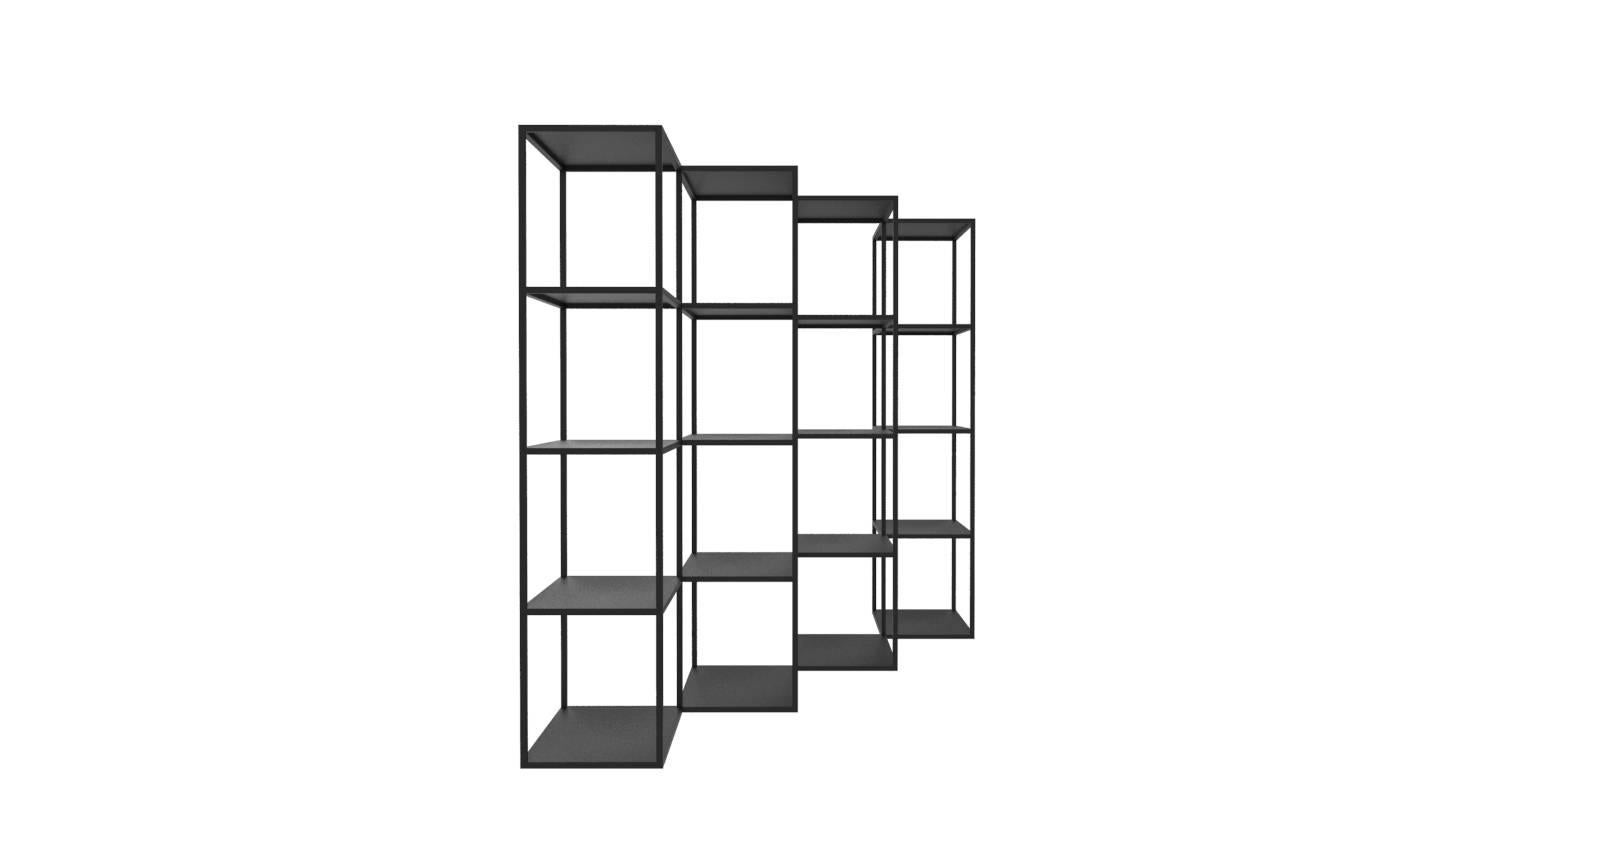 Dieses modulare System, das als minimalistisches und zeitgenössisches Bücherregal konzipiert wurde, um die Wandfläche zu unterbrechen, ist vielseitig einsetzbar als moderner Raumteiler sowie als Hintergrund für jeden Raum, sei es ein Wohn- oder
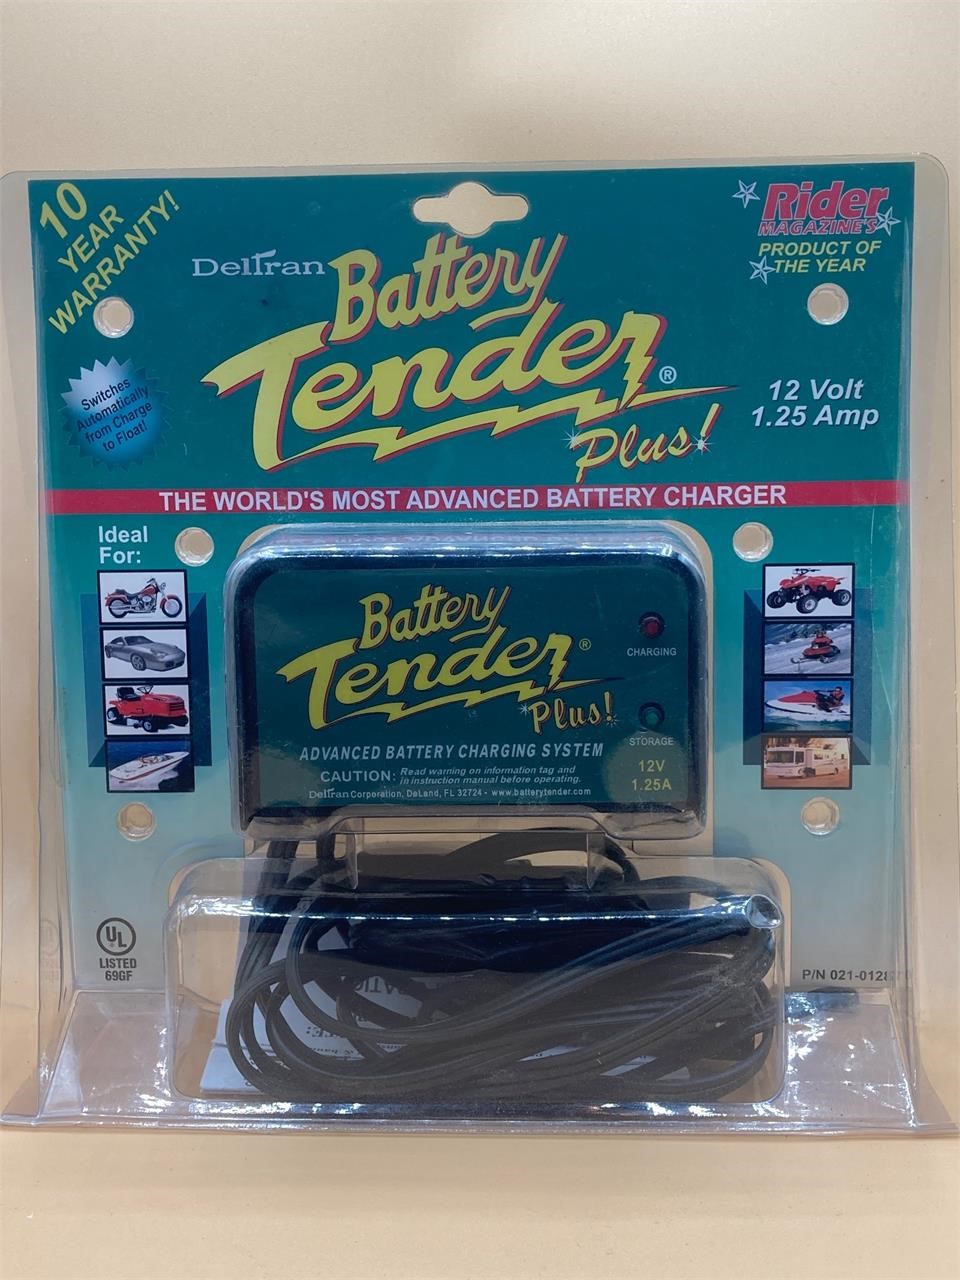 Battery Tender Plus
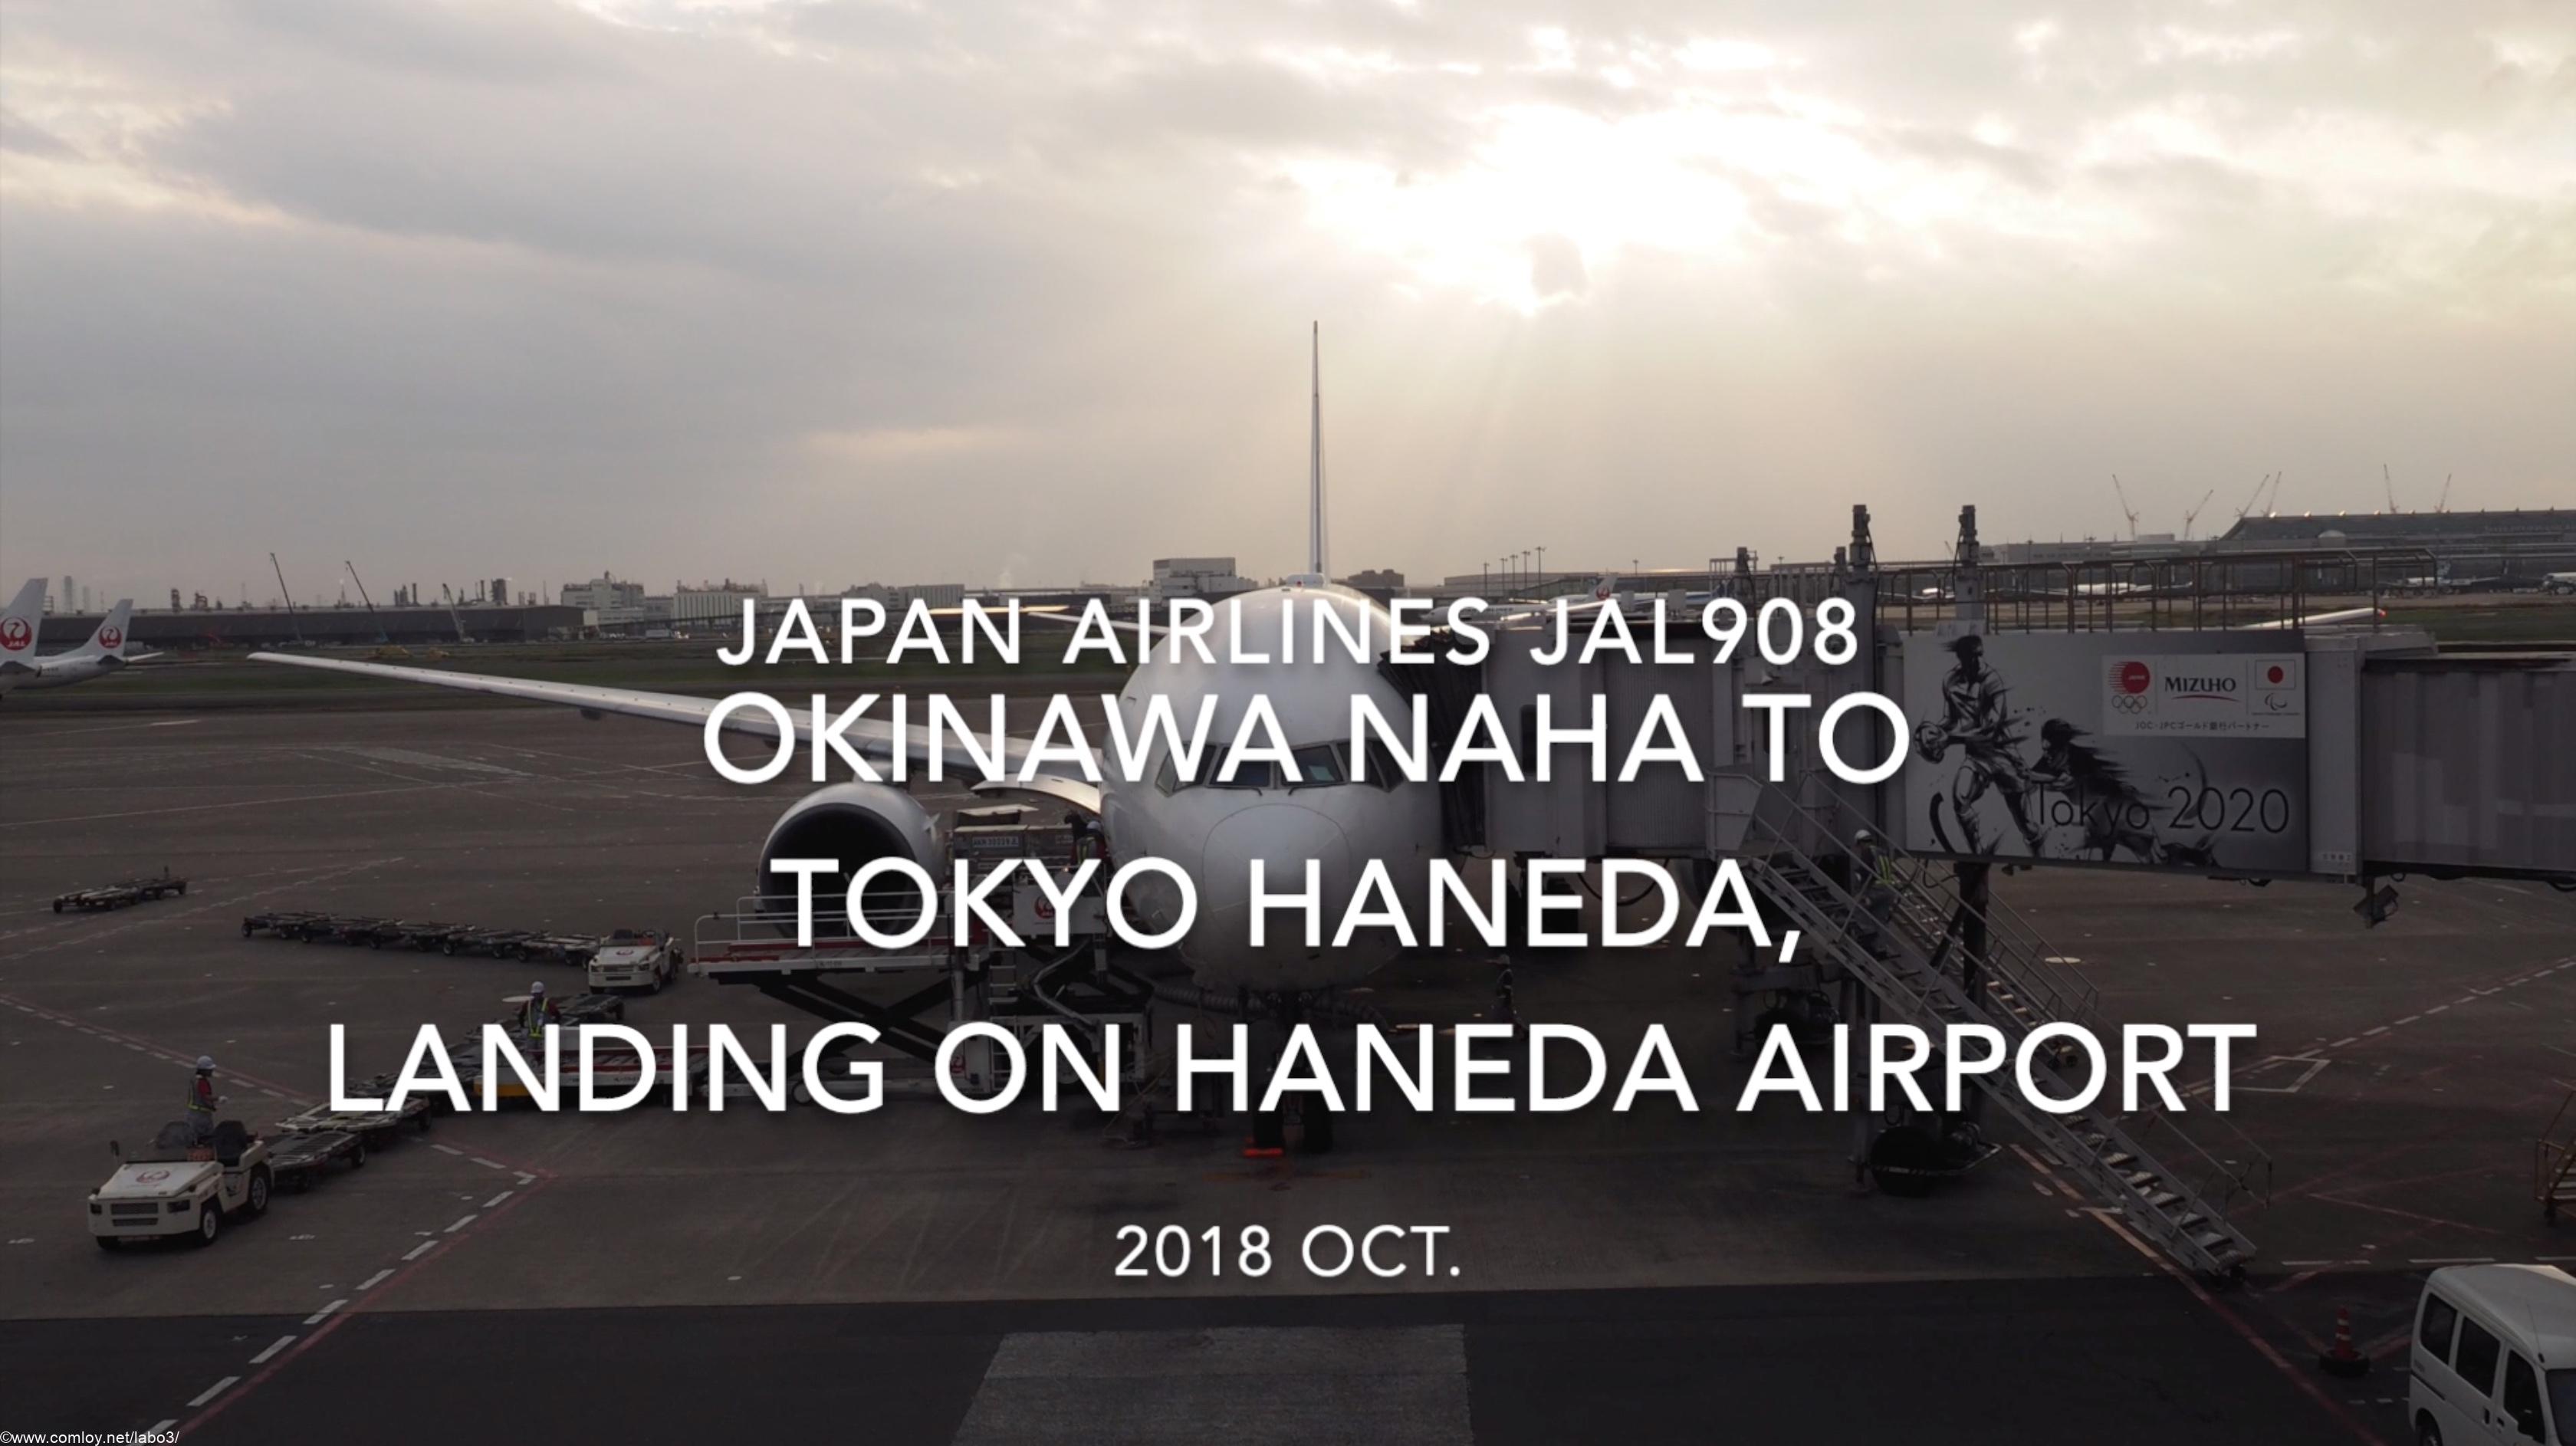 【機内から離着陸映像】2018 Oct. JAPAN Airlines JAL908 OKINAWA NAHA to TOKYO HANEDA, Landing on TOKYO HANEDA airport 日本航空 那覇 -羽田 羽田空港着陸

__ASSIGNED TASK__: Your copy of the data should match it exactly, apart from the images, which are omitted.

__EXERCISE ANSWER__:
 Dieses modulare System, das als minimalistisches und zeitgenössisches Bücherregal konzipiert wurde, um die Wandfläche zu unterbrechen, ist vielseitig einsetzbar als moderner Raumteiler sowie als Hintergrund für jeden Raum, sei es ein Wohn- oder
 Battery Tender Plus
 【機内から離着陸映像】2018 Oct. JAPAN Airlines JAL908 OKINAWA NAHA to TOKYO HANEDA, Landing on TOKYO HANEDA airport 日本航空 那覇 -羽田 羽田空港着陸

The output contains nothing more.